Over the last couple of weeks, I’ve been working with Jan Bambas’s visual event tracer and using it to analyze why we’re slower than the stock Android browser on Eideticker’s New York Times pageload test.

The first order of business was to add trace-saving capabilities to the tracer.  With this change, I could capture traces on my Android device and view them on my desktop, which is much more convenient than looking at them on my phone.  (Especially because Simile Timeline, which the about:timeline extension uses, is difficult to use on mobile and slow in Firefox, so it needs all the CPU power it can get.  If any JS hackers out there have a replacement timeline widget recommendation, I am all ears!)

The second order of business was to modify Firefox to start and stop tracing automatically, rather than requiring the user to push buttons in about:timeline.  Pushing buttons works fine on desktop, not so much on automated tests on mobile devices.  I experimented with way too many fully general solutions before settling on the straightforward path: modifying nsDocShell::LoadURI to start and stop the tracer when certain URIs were fetched.

Now the tracer would automatically record profiles, on to viewing them!  I modified Jan’s about:timeline extension to function properly in a browser not built with event tracing support.  I also added the ability to use a trace saved in a file, rather than recording one in a browser.  You can see the changes I made in my about:timeline github repository.

With all those changes in hand, we can view pretty pictures of what’s going on when the browser runs Eideticker tests.  First, a normal Firefox for Android.

android-cached

That almost-4-second delay you see there is the cache getting opened.  Yes, that’s happening on the main thread and yes, it’s blocking everything else from moving forward.  This is a great illustration of why we are rewriting the network cache.  If the cache is so slow, what happens if we disable the cache?

android-uncached

It’s hard to tell from the picture, but if you looked at the Eideticker log of network requests, you’d see that everything completes somewhere around a 0.5-1 second faster (!).  Why doesn’t it speed up more than that, since we’ve removed all that cache blocking by disabling the cache?  Not sure yet, although you can see that cache entries are still getting opened.  Also, you can see highlighted in the picture that the first network request takes about 250ms to start executing from the time that it’s fired off.  That also needs to be investigated (and fixed!).
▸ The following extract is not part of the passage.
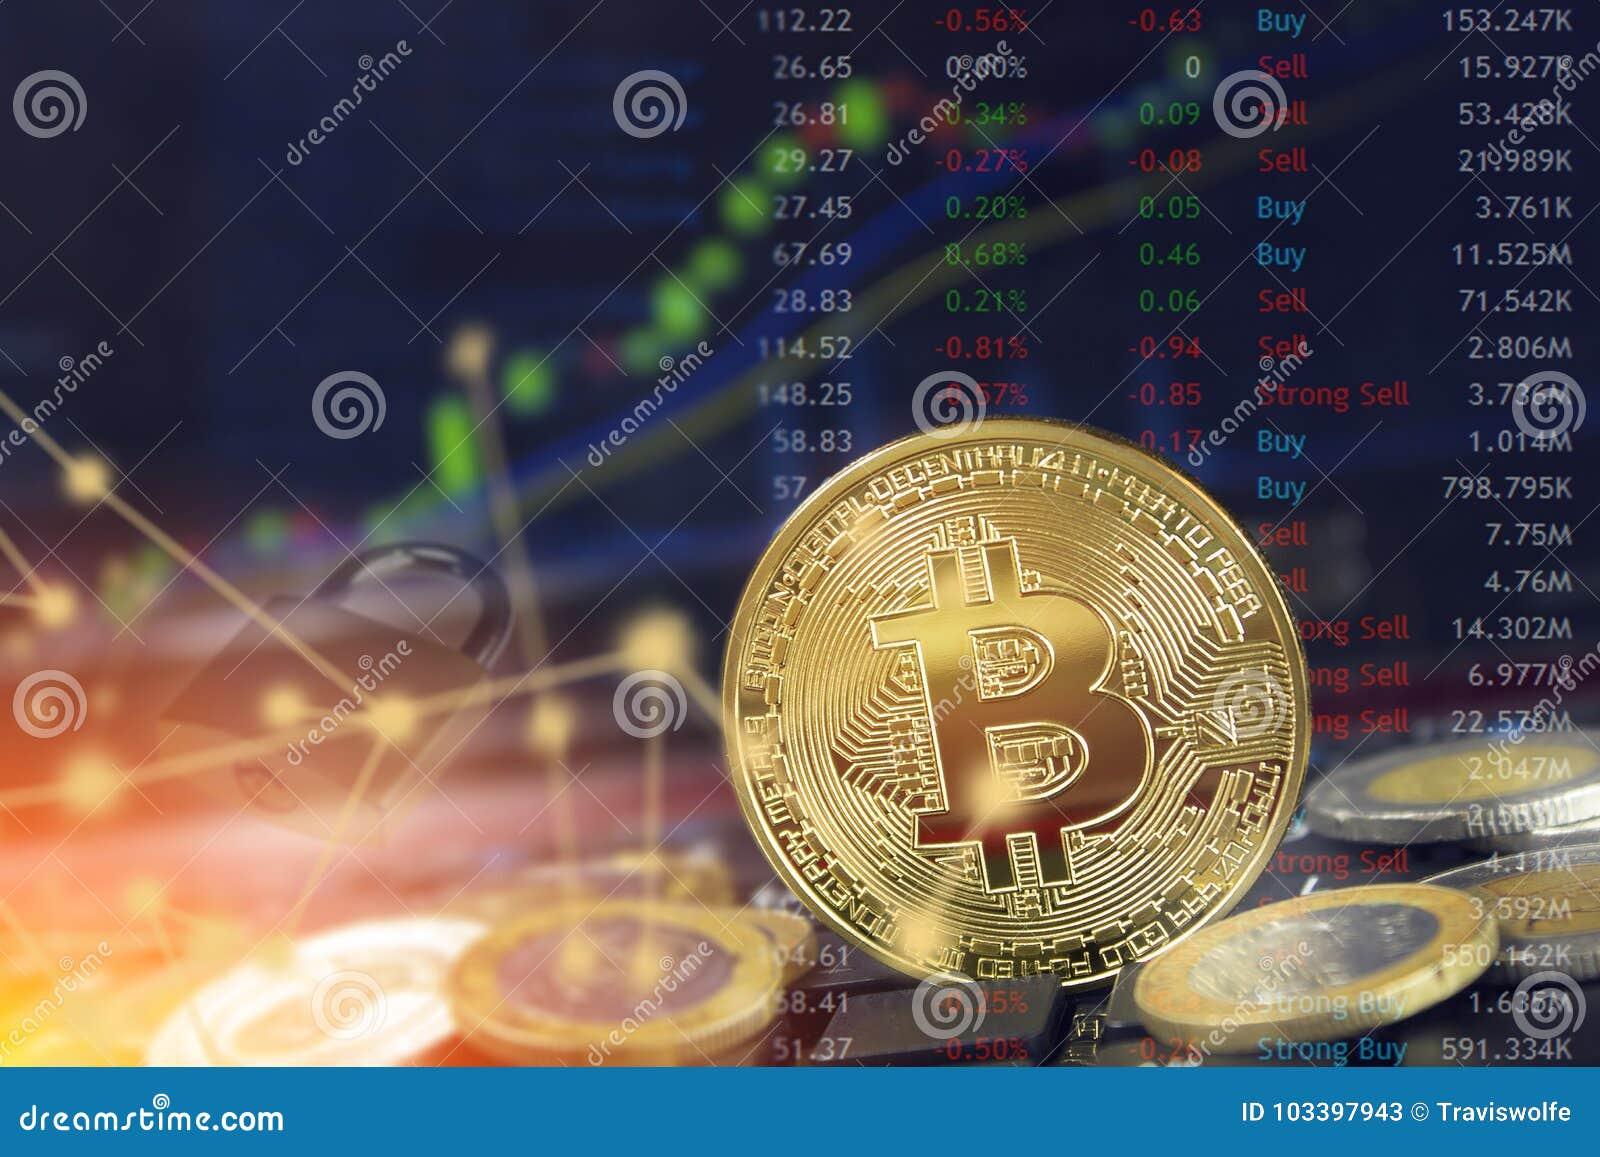 tradingview kraken btc usd bitcoin rinkodaros strategija

What about this new cache rewrite, how does it fare?  Thought you’d never ask.

android-newcache

Again, you have to check out the HTTP request log, but this is still another 0.3 seconds or so faster than the uncached case that we see above.  So the new network cache is a clear win in this instance.  It’s worth pointing out that the network request delays are still present here and are taking slightly longer than the cache-disabled case.  Variance in profiles?  Effects of the new cache?  Not sure yet!

I’m still figuring out my way around the tracer, but it’s a useful tool to peer into the Firefox network stack.  It would be great if other subsystems (images, CSS, layout) would hook into the event tracer so we could have visibility into what they’re doing, too.  The API is pretty simple and causes no runtime overhead in our usual release builds.